На улице громыхнуло, и дождь обрушился на землю резко, будто кто-то дёрнул за верёвку, открыв стотонную бочку с водой. Наливая коньяк, Севрюгов сказал:
- Бррр! Вот не повезло тем, кто сейчас на улице в такую погоду!
Василий поправил очки. Он всё никак не мог придумать, как бы сказать следователю, что не пьёт. Напивался Василий однажды, в институте, и помнит лишь как блевал всю ночь напролёт.
- Я не пью, - сказал Пташкин.
Дамы подняли на него изумлённые глаза, а Севрюгов продолжал хладнокровно разливать алкоголь.
- Не может быть, - покачал следователь головой. – В этом доме таких не бывает. Иначе…
Он посмотрел на Пташкина и подмигнул.
- … как бы ты здесь оказался?
Лида тихо рассмеялась, а Даша широко улыбнулась, кажется, вообще не поняв шутки. Пташкин почувствовал, как от белых диванов рябит в глазах. Севрюгов протянул бокал с шампанским Даше и с коньяком Василию. Пташкин принял его, поморщившись от запаха. Александр Анатольевич поднял свой.
- Ну, за встречу! – и выпил залпом.
Девушки осушили свои, а Пташкин поставил бокал на столик, не притронувшись к коньяку.
Севрюгов закусил сервелатом, сделав вид, что ничего не заметил.
23:20
Вечер превращался в пьянку. Севрюгов рассказывал истории о своей молодости, о следовательской практике. Истории чаще всего сводились к тому, какие люди идиоты, и как им всем можно спокойно «ложиться в канаву и гнить». Пташкин сделал пару глотков из бокала. Коньяк, возможно, был неплохой, но горло и пищевод полыхали, как от огня. Даша глупо хихикала и глотала шампанское, как в последний раз. Лида быстро опьянела, и смотрела плавающими в масле глазами на мужа. Она теребила пальцами ухо Севрюгова. Следователь покраснел от коньяка, и его голос с каждым глотком становился всё громче, а манеры резче. Он то и дело вскакивал, жестикулировал, показывал практически всё, о чём говорил и, безусловно, наслаждался собой. Даша смеялась, иногда срываясь на непонятные вздохи. Пташкин иногда посматривал на неё и замечал, что расстояние между ним и старшим лейтенантом уменьшается. Да и её платье, словно с каждой минутой становилось короче, обнажая тонкие белые бёдра.
- Пошли покурим, Адамыч! – Севрюгов встал и, шатаясь, пошёл к выходу.
Они вышли на улицу. Дождь поливал, как из ведра. Следователь курил и держался одной рукой за перила.

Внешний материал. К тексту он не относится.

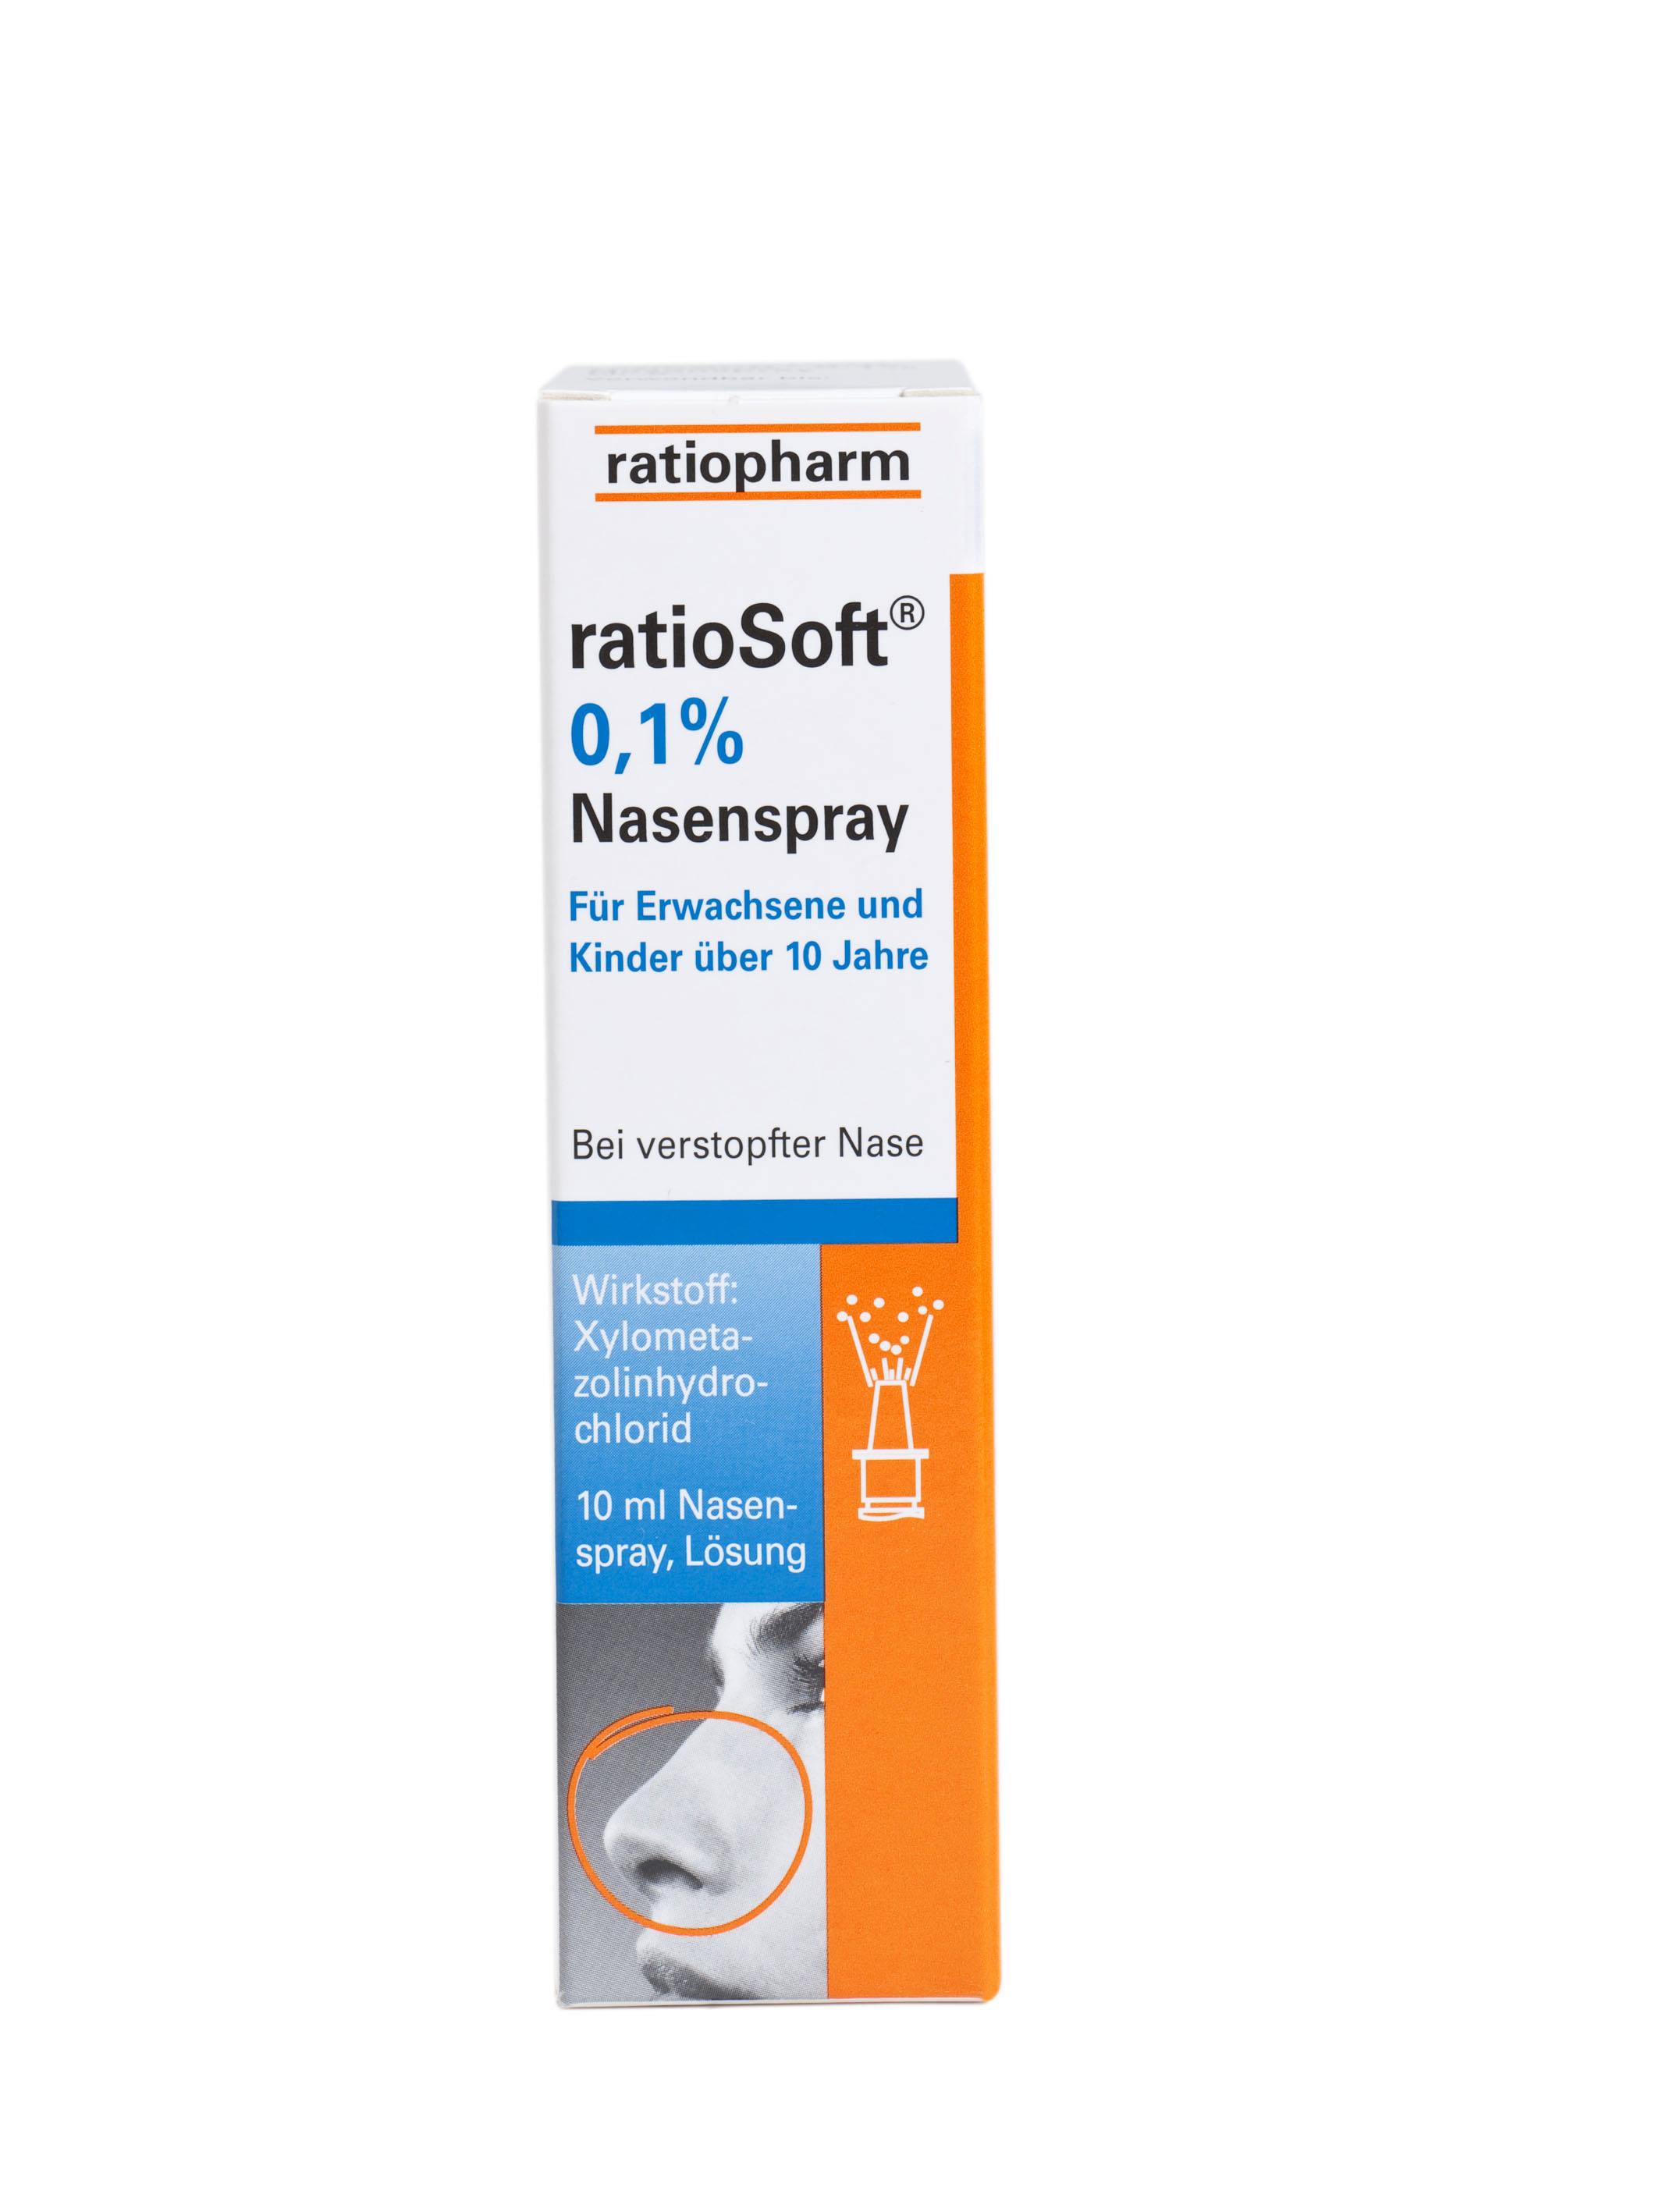 ratioSoft 0,1% - Nasenspray

- Слышь, Адамыч, ты чего такой кислый? Не нраи… нравится?
- Вы обещали рассказать мне кое-что о расследовании, а на самом деле…
Севрюгов помахал рукой с сигаретой.
- Ты! Ты – мой гость, Адамыч! И я непременно расскажу тебе, понял? Я вру, думаешь?
Молния разорвала небо напополам, а гром оглушил Пташкина. Он с тревогой посмотрел на небо. И, наконец, признался себе, что Маша, скорее всего, тоже видит эту грозу, или мокнет под ней, или…
- Нам нужны волонтёры, нужны поиски…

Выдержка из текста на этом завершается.